Robinsonite was found as grey fine-grained aggregates up to 1 cm in size, sometimes with visible fibrous structure, enclosed in quartz gangue. In polished sections, it forms irregular aggregates up to 400–750 µm partly replaced by younger rouxelite, boulangerite, and lath-like crystals of jamesonite (Figure 4a–c) or chovanite and disulfodadsonite (Figure 4d). Together with rouxelite, it is overgrown by dadsonite. The PXRD data of robinsonite from Kľačianka agree well with the published data for this mineral phase and also with the theoretical pattern calculated from the crystal structure information published by Makovicky et al. [61]. The refined unit-cell parameters of robinsonite from Kľačianka are given in Table 1. Chemical analyses of robinsonite (Table S5) correspond to ideal formula Pb4Sb6S13 [54]; determined Pb/Sb ratio ranges between 0.65 to 0.69, which is consistent with the range 0.65–0.73 published for natural robinsonite [62]. Remarkable are the minor contents of Cl up to 0.07 apfu (0.13 wt.%); similar contents (up to 0.09 wt.% Cl) were published by Števko and Sejkora [63] for robinsonite from Čížko baňa occurrence near Ochtiná, Slovakia. Its mean composition (calculated from 72 analyses on the base of 23 apfu) is Pb3.99Sb5.99S12.98Cl0.04.

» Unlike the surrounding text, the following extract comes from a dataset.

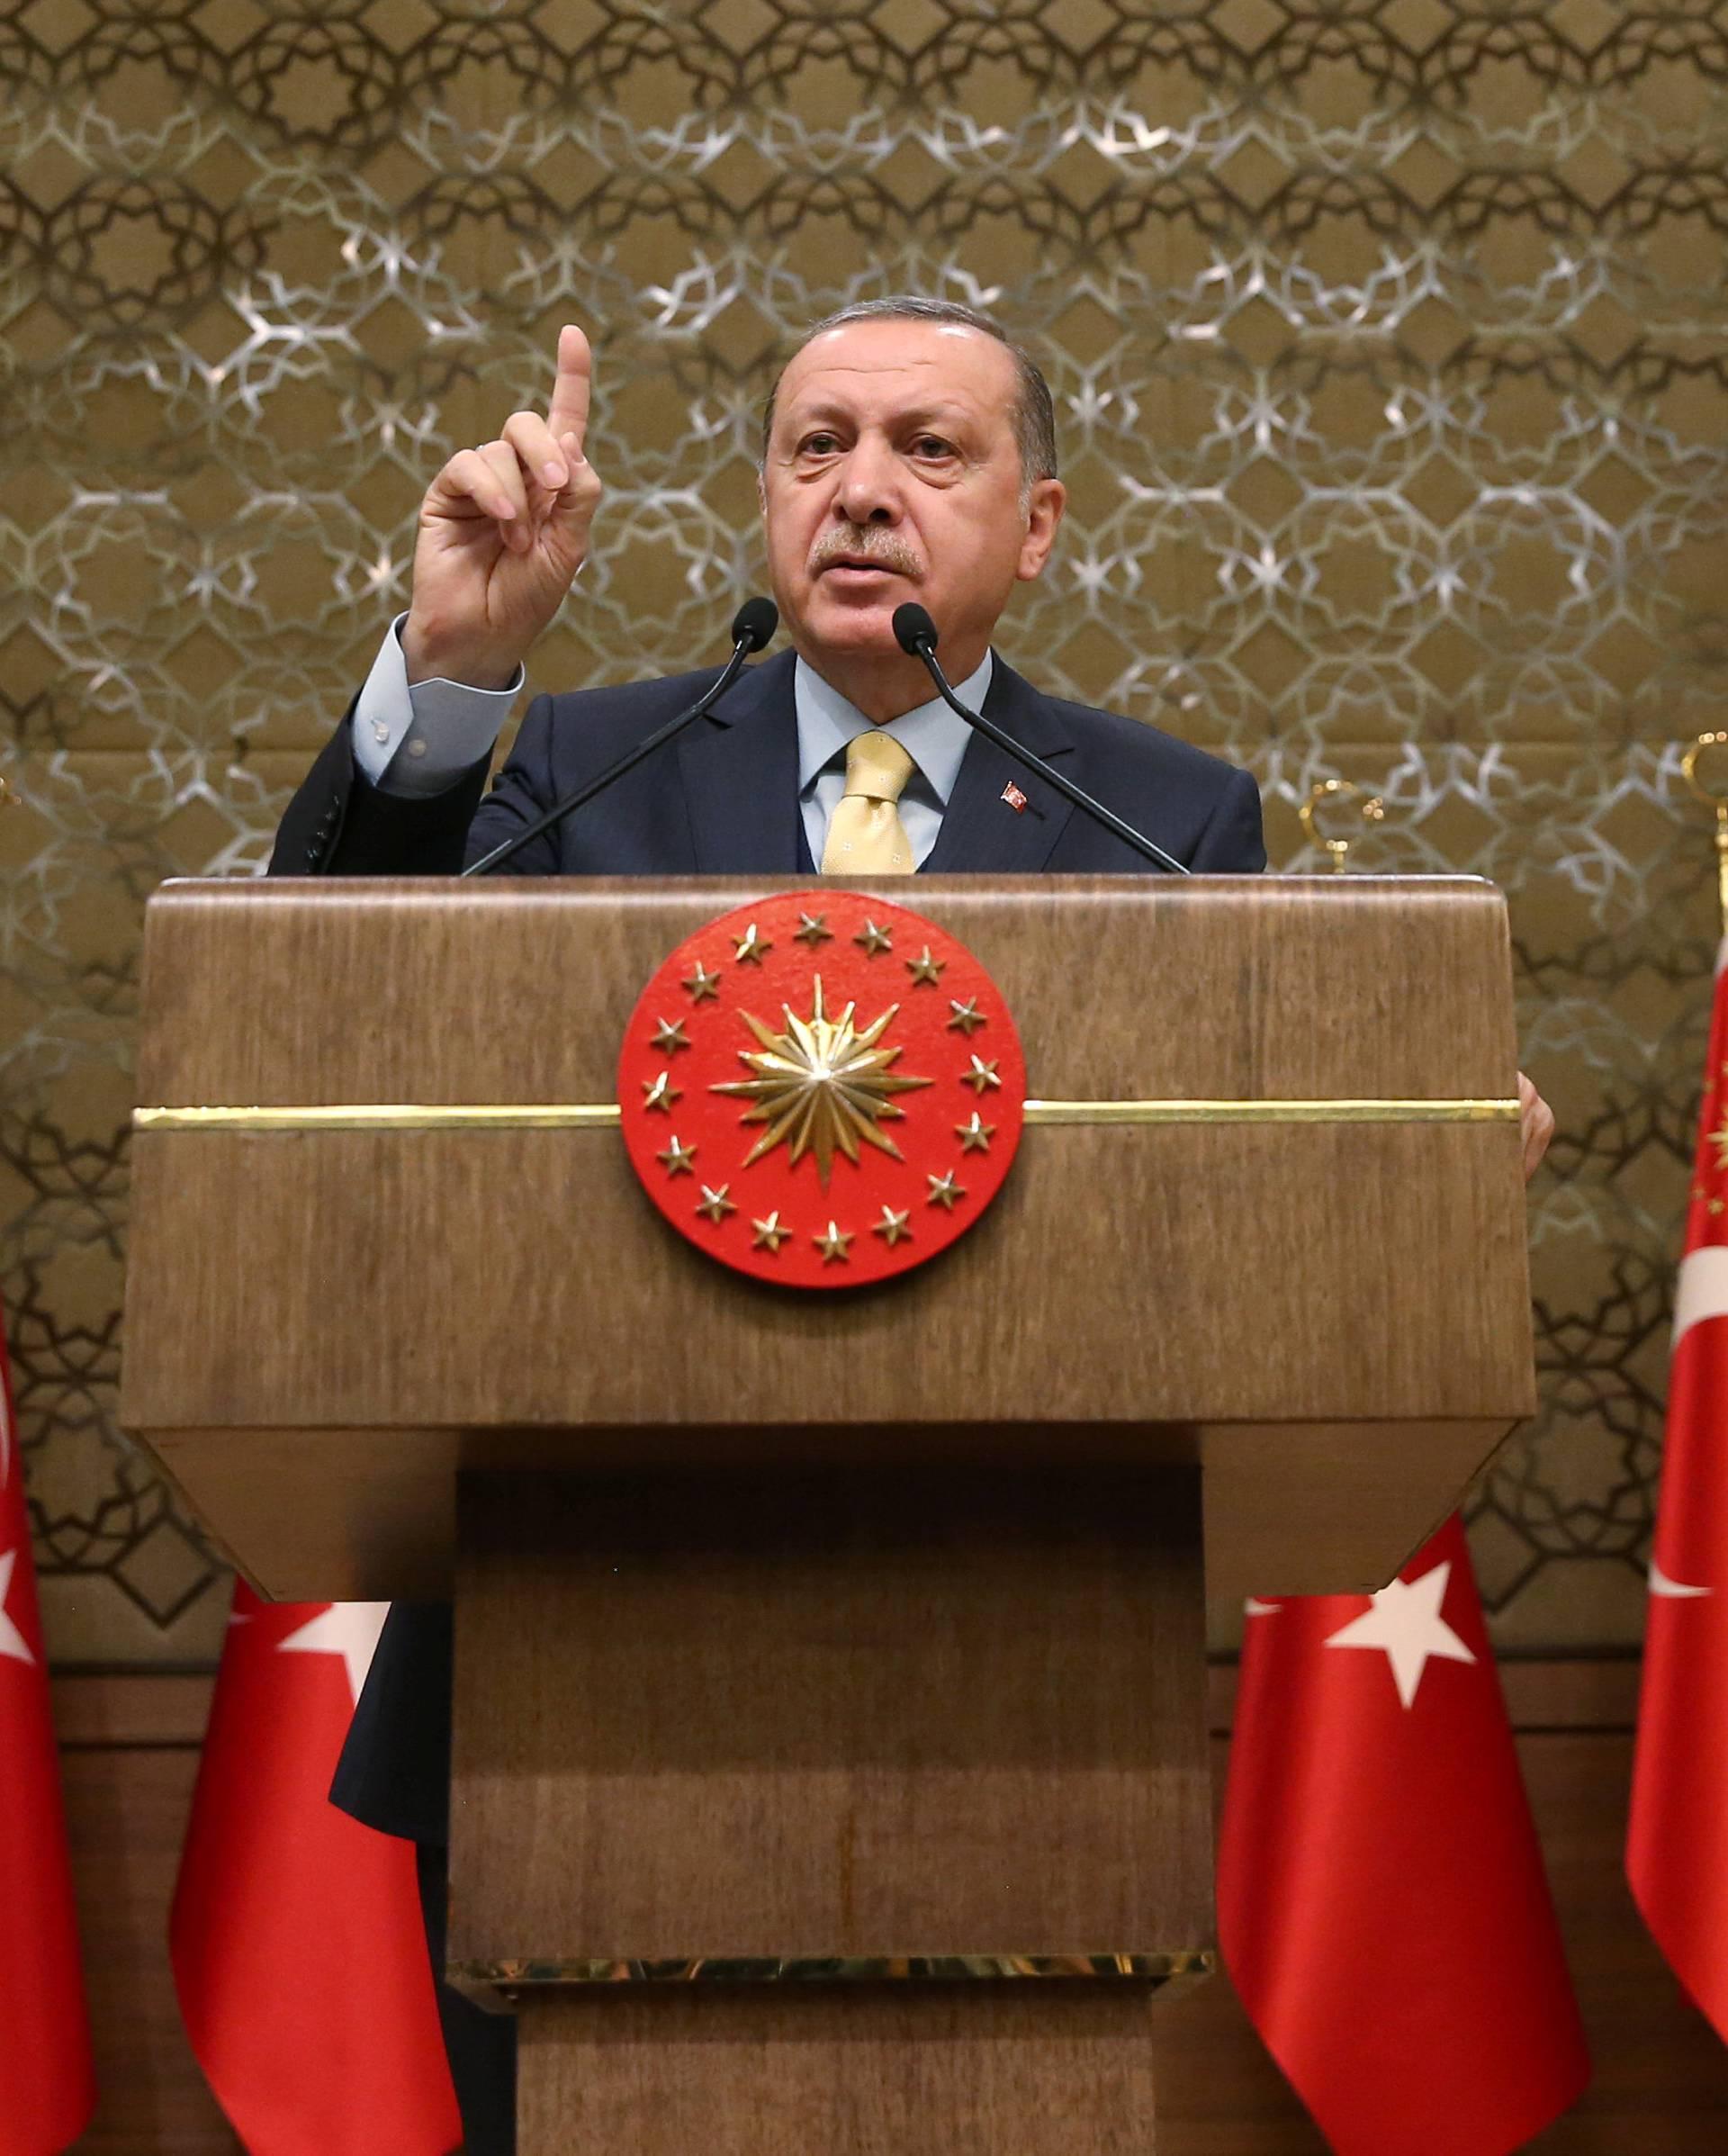 Turkish President Erdogan speaks during a meeting in Ankara

Anomalous Cu-bearing robinsonite occurs as oval to elongated inclusions up to 30 μm in size in bournonite or irregular to elongated grains up to 100 μm in length in association with bournonite (Figure 5a) and tintinaite in tetrahedrite aggregates. The determined Pb and (Sb + Bi) contents (Table S5) correspond to robinsonite and are clearly different from associated tintinaite (Figure 6); its Pb/(Sb + Bi) ratio (0.66–0.70) is also comparable to robinsonite [62]. The observed minor Bi contents (up to 0.30 apfu) are typical and similar amounts of Bi were reported by Števko and Sejkora [63] in samples from Ochtiná—Čižko baňa (0.52 apfu of Bi); Števko and Sejkora [25] from Gemerská Poloma (up to 2.08 apfu of Bi); and Jambor and Lachance [64] in robinsonite from Salmo (2.35 apfu of Bi). The detected minor Cu contents (0.05–0.42 apfu) are very unusual for robinsonite as according to Makovicky et al. [61], this mineral usually does not contain any other cations (such as Cu, Fe, or Ag) in its crystal structure. The empirical formula of Cu-bearing robinsonite from Kľačianka, calculated from 65 analyses on the basis of 23 apfu, is Pb4.02Cu0.18(Sb5.87Bi0.07)Σ5.94S12.80Cl0.07.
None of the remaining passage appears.